Show answer & explanation
Correct answer: B
Concept
The number of clauses in a sentence decides its type. A clause is a word-group with its own subject and finite verb. A simple sentence has exactly one independent clause and no subordinate clause. A complex sentence has one independent clause plus at least one subordinate (dependent) clause. The key test: a phrase (for example a prepositional phrase) has no subject–verb pair and never makes a sentence non-simple; a subordinate clause does.
Applying the test to each sentence
"She reads what she likes." — main clause "She reads," and "what she likes" has its own subject "she" and verb "likes," so it is a clause, not a phrase. It serves as a noun clause (the object of "reads") and depends on the main clause. One independent + one subordinate clause = complex sentence — so this is the sentence that is not simple.
"I have a very costly book in my house." — single core "I have"; "in my house" is a prepositional phrase (no subject–verb of its own). One independent clause only → simple sentence.

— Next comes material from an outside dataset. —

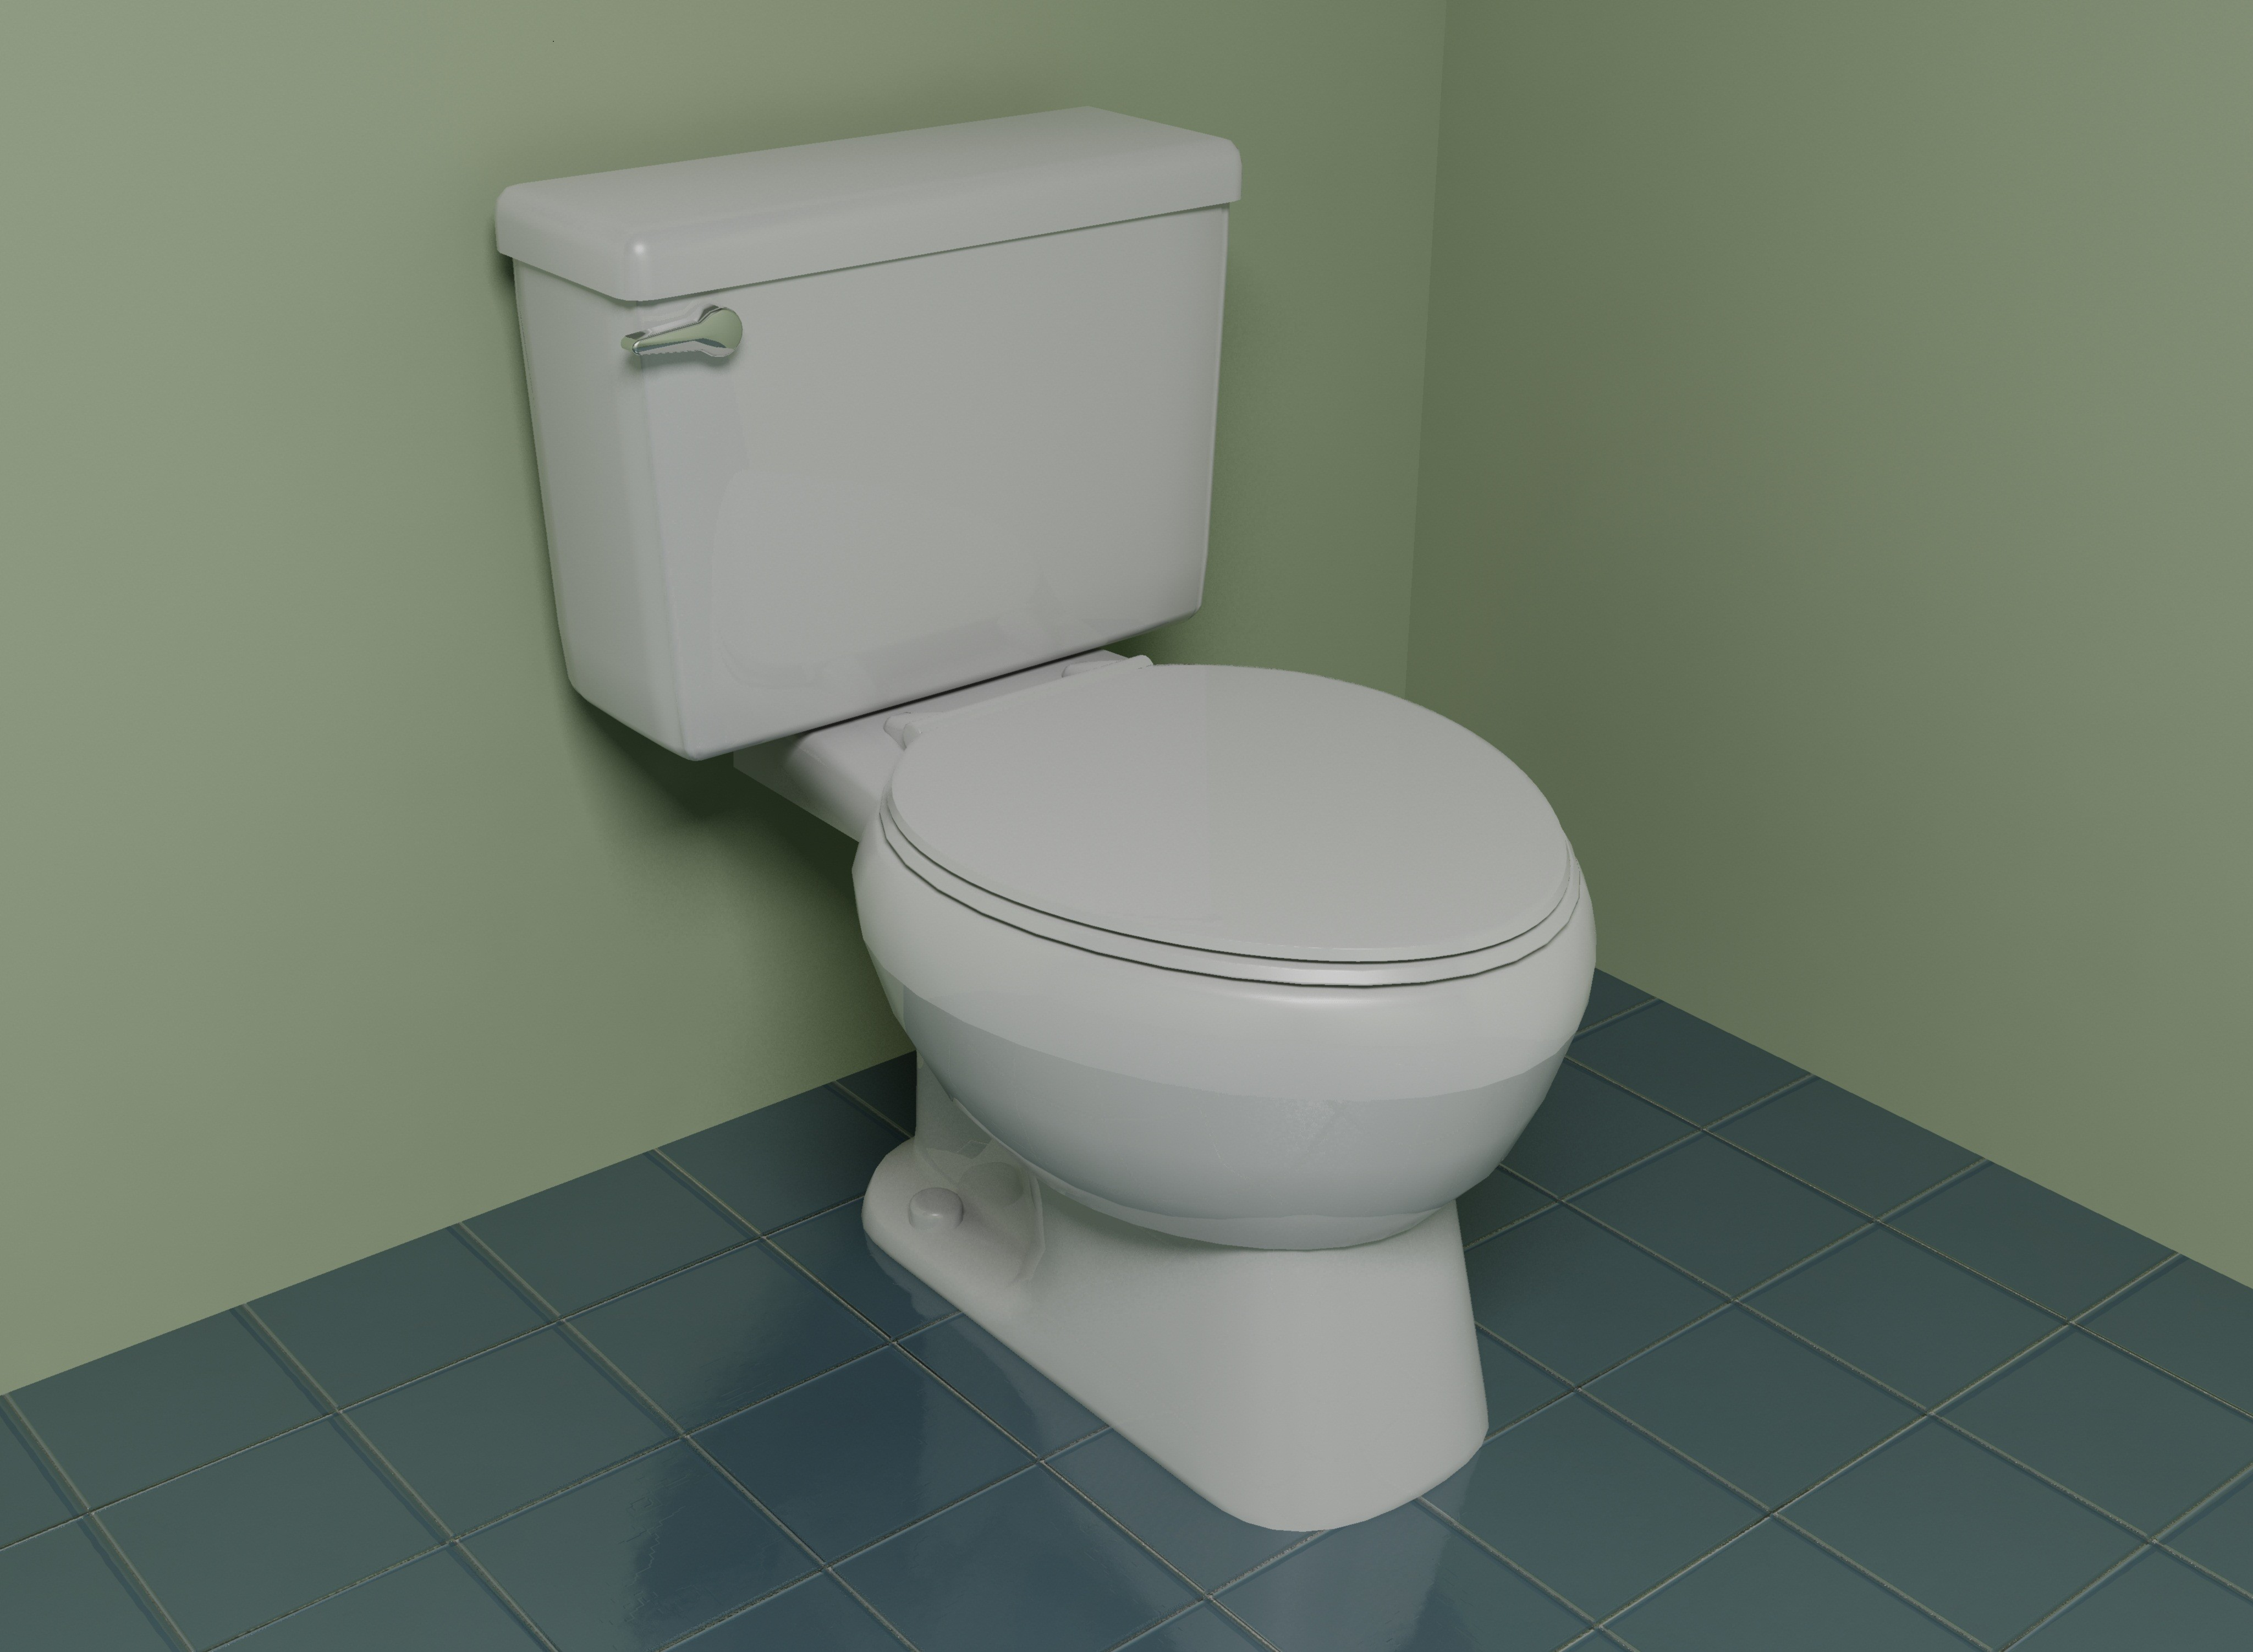 toilet6.jpg
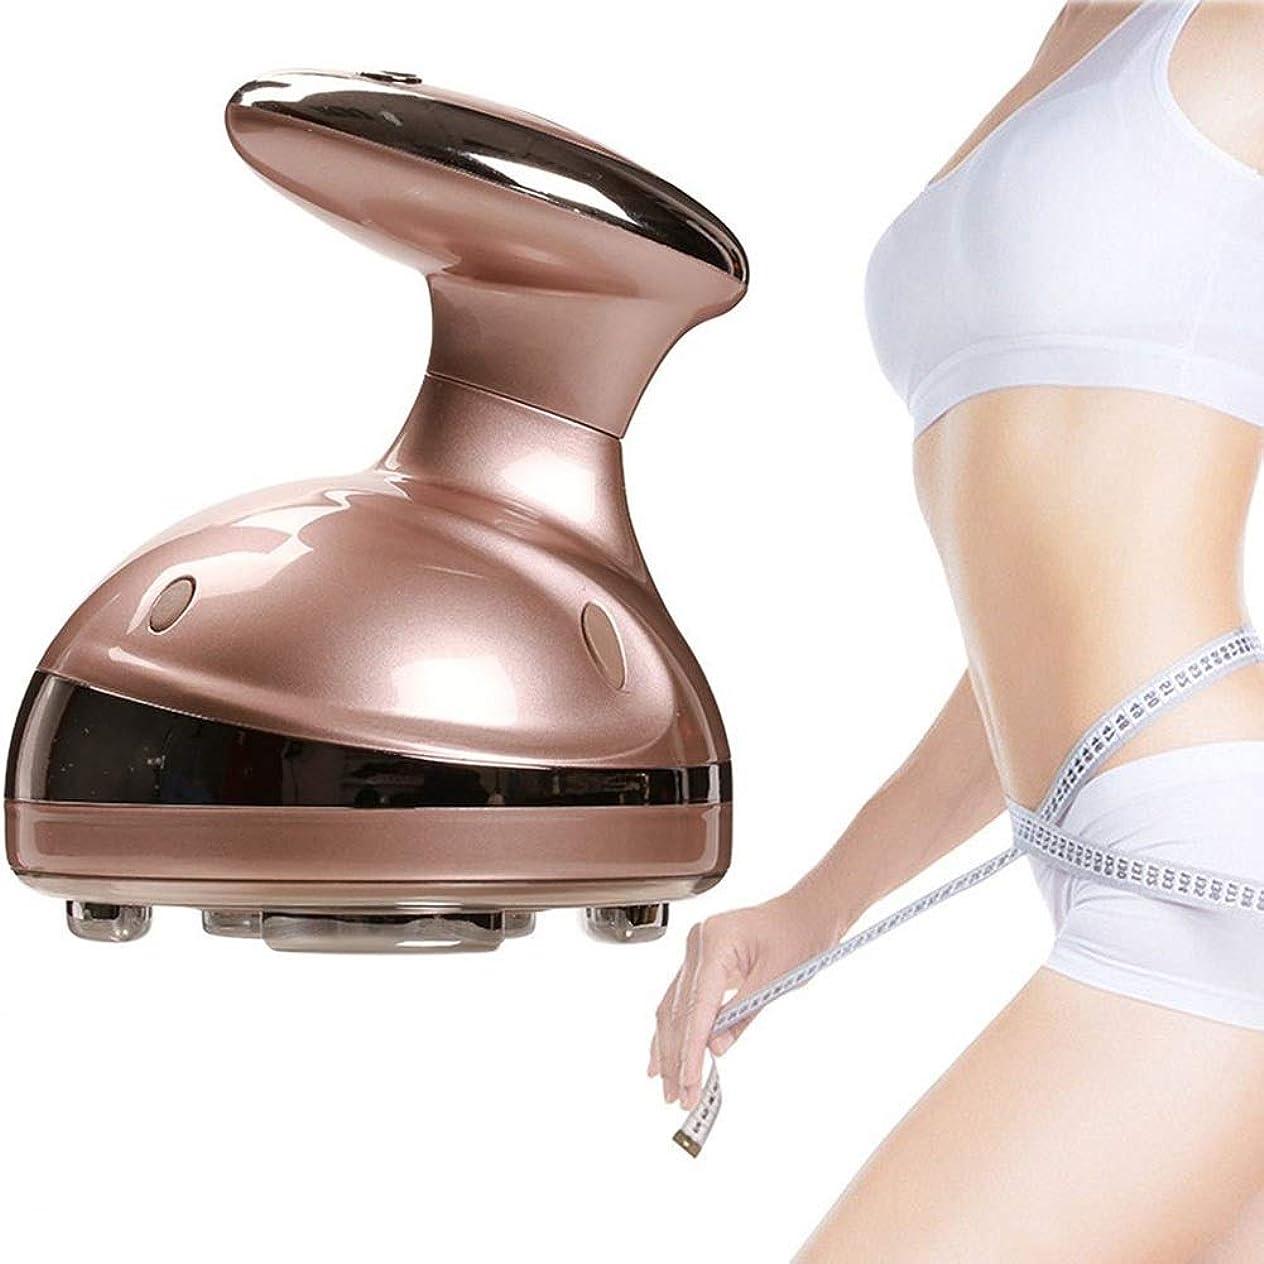 市区町村円形のインサート超音波脂肪除去機、RF脂肪燃焼振動整形美容器具脂肪除去体重減少デバイス、LEDフォトンアンチセルライト痩身ボディ美容院

"She does not know good manners." — single core "She does not know"; "good manners" is the object. Negation does not add a clause. One independent clause only → simple sentence.
"He is a man of great knowledge." — single core "He is a man"; "of great knowledge" is a prepositional phrase modifying "man." One independent clause only → simple sentence.
Why the answer holds
Three of the four sentences extend their single clause only with phrases, which never break the one-clause rule, so they stay simple. Only "She reads what she likes." adds a second, dependent clause ("what she likes"), which makes it complex. Therefore the sentence that is not a simple sentence is "She reads what she likes."
Quick reference
Simple: one independent clause — e.g. "He plays cricket."
Complex: one independent + at least one dependent clause — e.g. "He plays cricket because he enjoys it."
Compound: two or more independent clauses — e.g. "He plays cricket and she plays tennis."